Aisultan Nazarbayev
- Nazarbayev in 2012

Personal information
- Full name: Aisultan Rakhatuly Nazarbayev
- Birth name: Aisultan Rakhatovich Aliyev
- Date of birth: 26 August 1990
- Place of birth: Kazakh SSR, Soviet Union
- Date of death: 16 August 2020 (aged 29)
- Place of death: London, England
- Height: 1.83 m (6 ft 0 in)

Youth career
- FC Admira Wacker Mödling
- 2007: Chelsea
- 2007: Portsmouth

Senior career*
- Years: Team / Apps / (Gls)
- 2006: Rahat / 2 / (0)
- 2008: Kairat /  / (0)
- 2010: Astana / 0 / (0)
- 2012: Sunkar / 1 / (0)

= Aisultan Nazarbayev =

Kazakh footballer (1990–2020)

Aisultan Rakhatuly Nazarbayev (Айсұлтан Рахатұлы Назарбаев, Aisūltan Rahatūly Nazarbaev; 26 August 1990 – 16 August 2020) was a Kazakh footballer, businessman, grandson of former President of Kazakhstan Nursultan Nazarbayev, and son of Kazakh politician Dariga Nazarbayeva.

==Biography==
===Early life and education===
Aisultan was born in 1990 in then-Kazakh SSR. His father Rakhat Aliyev (1961–2015) was a businessman, politician, and diplomat. His mother Dariga Nazarbayeva (born 1963) is the eldest daughter of Nursultan Nazarbayev.

He studied at the International College of Continuing Education in Astana and the American International School in Salzburg. In 2010, Aisultan graduated from the Royal Military Academy Sandhurst and then from KIMEP University with a degree in business administration.

===Football career===
Aisultan started playing football at FC Admira Wacker Mödling during his father's service as ambassador to Austria. In 2006, he played two matches in the first league of Kazakhstan for the FC Rahat football club. In 2007, he was a member of FC Kairat and took part in the qualifying tournament for the 2006 European Youth Football Championship. Aisultan spent two or three months at Chelsea F.C. He played a season in the youth team of Portsmouth F.C. and became the bronze medalist of the English Championship. In 2011, Aisultan played for FC Astana. On 21 October 2012, he played the only match in the championship of Kazakhstan in the home game for the FC Sunkar against FC Aktobe and came out in the middle of the second half.

From February to October 2017, Aisultan served as vice president of the Football Federation of Kazakhstan for relations with international organizations FIFA, UEFA, and national associations.

==Personal life==
In August 2013, Aisultan was married to Alima Nazarbayeva. He had a daughter named Ameli (born 2016) and son named Sultan.

Aisultan once spent time in a clinic due to alleged cocaine use. It is unknown whether this treatment was voluntary or forced.

In October 2019, he was sentenced to a suspended sentence for an attack on a police officer in London in June 2019 and damage to a stranger's property. The verdict included probation, medical treatment, community service, and a fine.

On 23 January 2020, Aisultan made a public statement on his Facebook page, claiming that his grandfather Nazarbayev was allegedly his father and that his life was threatened. He also stated that from 8 July 2019, he had not been able to use any of his social media accounts, because he was kept in custody and that the accounts were under control by his mother Dariga Nazarbayeva and the ex-chairman of the NSC Alnur Mussayev. In response to those claims, Mussayev on his Facebook page published an unsubstantiated document from 2013 indicating a DNA match of over 99% between Aisultan and his father Rakhat Aliyev. However, following the death of Aisultan, Mussayev admitted to falsifying DNA records in his interview to Exclusive Kazakhstan and that Aliyev was indeed not the biological father, yet failed to name the true paternal identity.

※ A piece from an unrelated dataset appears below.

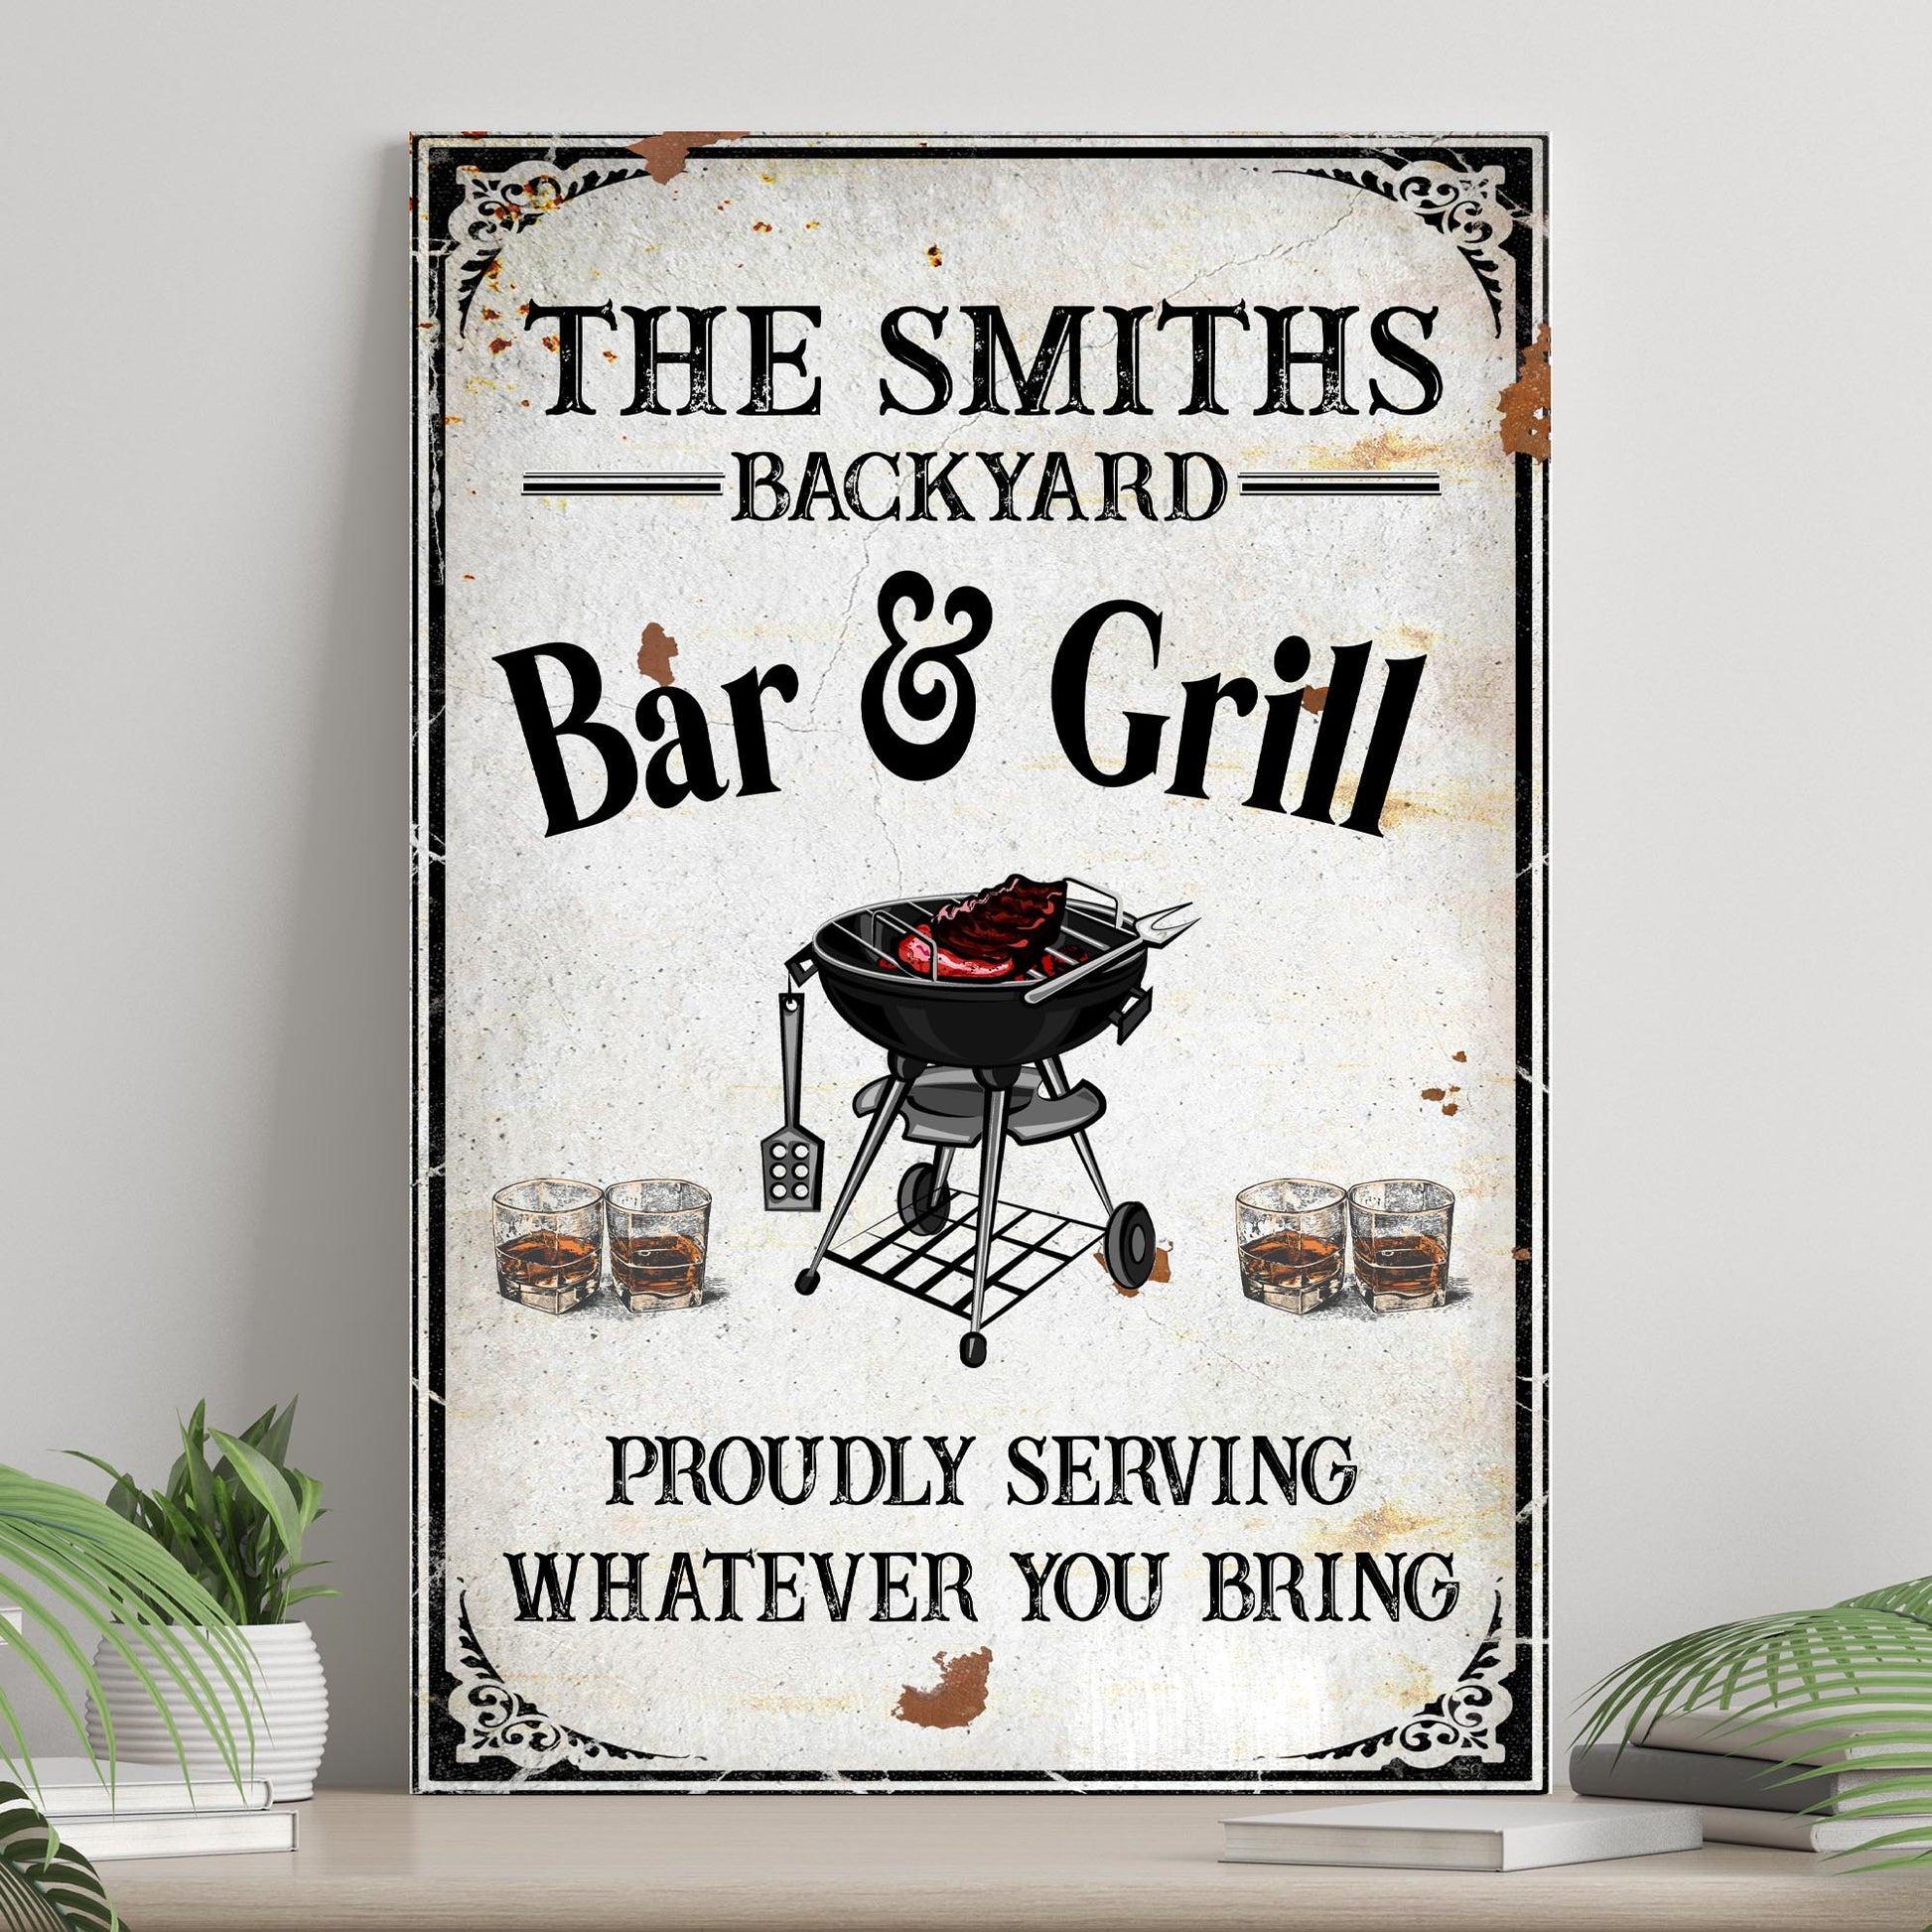 Family Backyard Bar And Grill Sign - Image by Tailored Canvases

On 13 February 2020, Aisultan requested political asylum in the United Kingdom. He explained this decision due to pressure by his family, claiming to possess information "about high-scale corruption between the government [sic] of Russia and Kazakhstan". He stated that he did not inherit his father's wealth because his father's wealth was stolen by his mother Dariga Nazarbayeva and Alnur Mussayev (or Musaev [Альнур Мусаев]) and that he was afraid that both of them wanted him killed. Minister of Information and Social Development Dauren Abaev reported to Khabar Agency that "to speculate on the fantasies of an addict just because he is the grandson of the First President, it’s not fair. It’s unfair and beyond morality. It is time to close this topic."

==Death==
On 16 August 2020, it was reported that Aisultan had died in London, just ten days shy of his 30th birthday. The inquest into his death found that he died from natural and cocaine-related causes.

His mother, Nazarbayeva, stated "My family is devastated at the loss of our beloved Aisultan and we ask for privacy at this very difficult time." His body was returned to Kazakhstan and buried at Kensai Cemetery in Almaty.